Picture: The Stilletoes performing at the Youth Fight for Jobs gig
On Sunday the 21st of June the Socialist Party’s first North Wales District meeting was held in Rhyl, a demonstration of the growing support for the party in the area as several people who do not have a local meeting to attend, came to their first party meeting. The meeting was opened by Keith Pattenden discussing the recent gains of the BNP in local and European elections and what could be done in Wales to campaign against their racist poison. He examined the reasons for their rise in votes and members over the last decade particularly looking at New Labour’s abandonment of the working class. We discussed how people without a viable alternative of a progressive party can turn in frustration to the BNP to express their anger. However, an important point was made that in this years Euro Elections the BNP vote actually dropped and they won MEPs only because many working class people didn’t vote! This showed how a new workers party is the only way to win over those people who feel utterly disillusioned with the main three parties and give them a positive place to put their vote.
The second session on building the Socialist Party in North Wales was introduced by Bangor Socialist Party branch secretary Iain Dalton. The branch in North Wales has expanded massively over the last half year with members now in several towns in Gwynedd as well as in Rhyl and Wrexham with mnay contacts even further afield, there has also been an influx of sixth form and college students over the last few months too. We reviewed our activities over the last few months from the protest against the onslaught in Gaza we organised to our recent activity around the Youth Fight For Jobs campaign, particularly emphasising the need to link this campaign with trade unionists locally.

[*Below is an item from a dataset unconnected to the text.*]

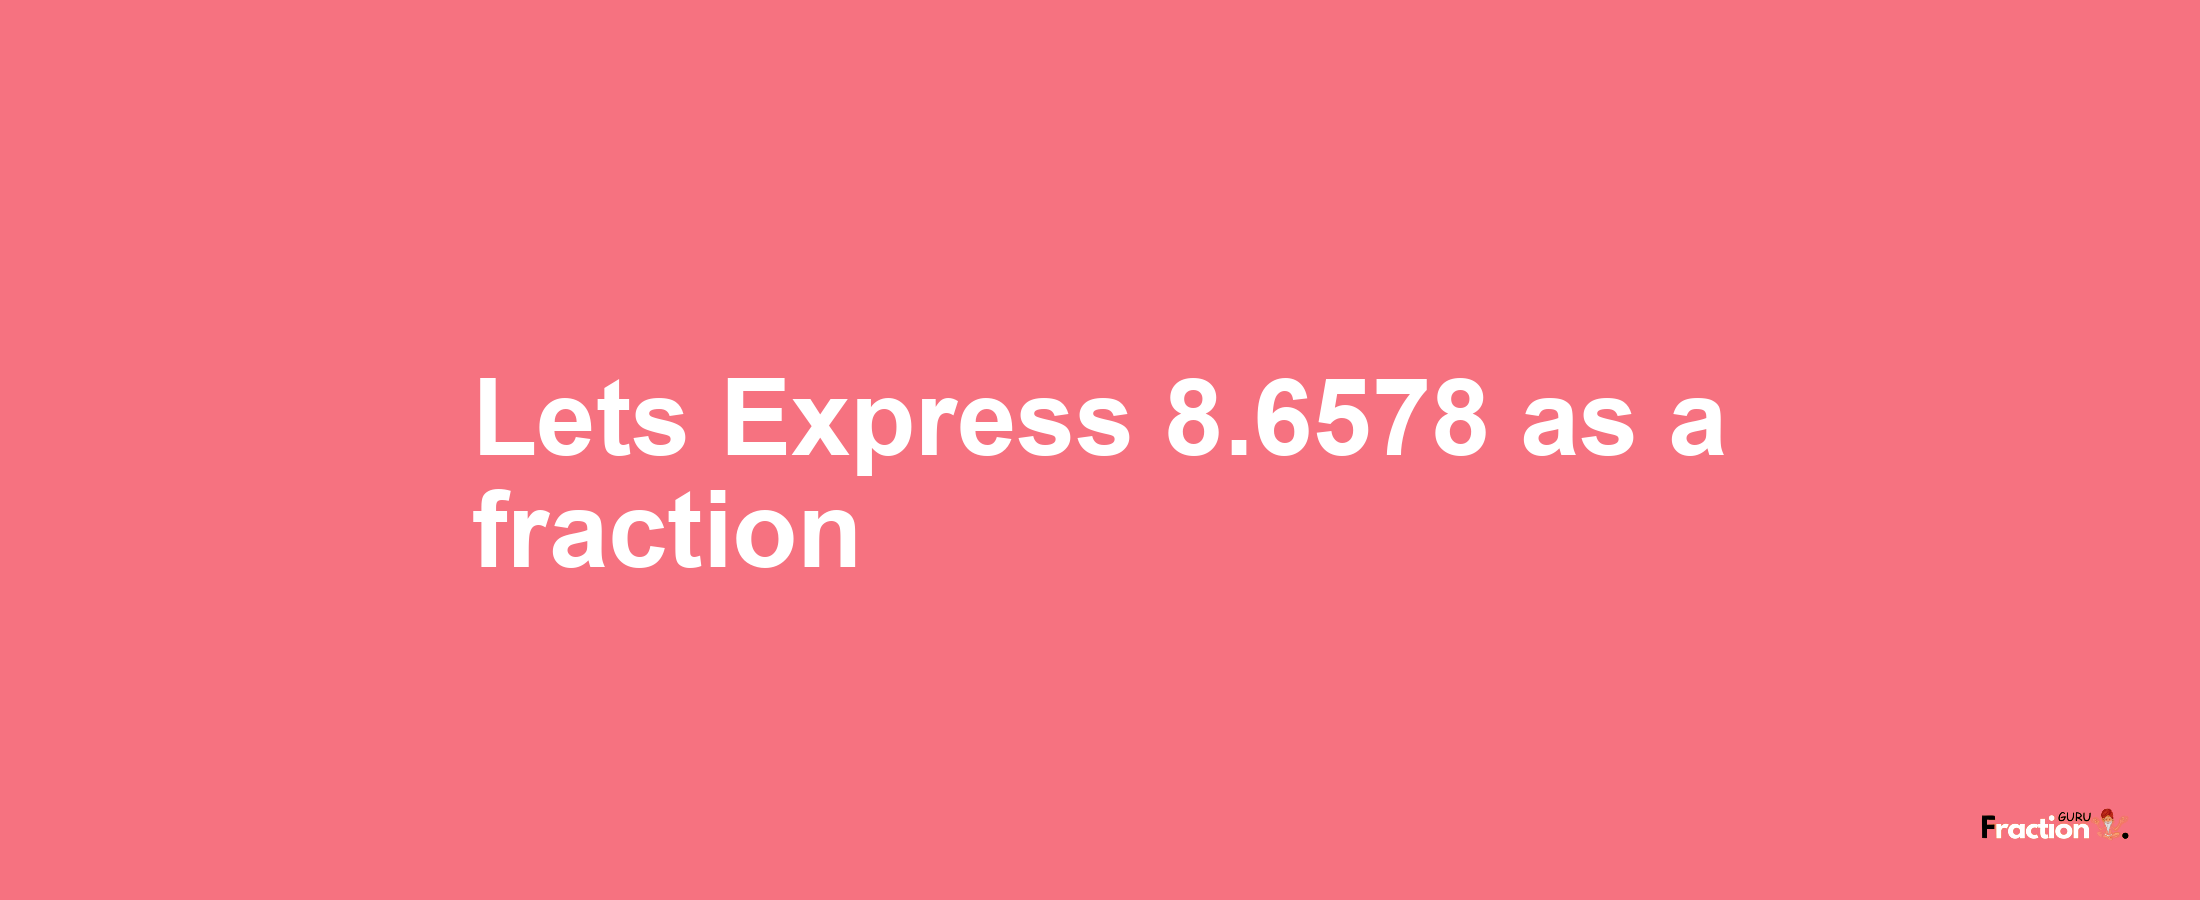 Lets Express 8.6578 as afraction

The importance of our Students Societies was highlighted too, owing too the NUS’s current unwillingness to campaign for students shown by their acceptance of fees and lack of support for UCU lecturers action against cuts was mentioned, particularly at Bangor University where cuts of 10% across all departments are being discussed.
In the week since the meeting we’ve already begun putting our plans into action with a fantastic Youth Fight for Jobs fundraising gig held near Bangor which raised over £100 as well as excellent stalls in Bangor and Colwyn Bay against the privatisation of Royal Mail where we sold record number of papers at both. We are also holding our first party meeting in Wrexham this week, which will hopefully be the beginning of a new branch building on the activity in the town over the last few months.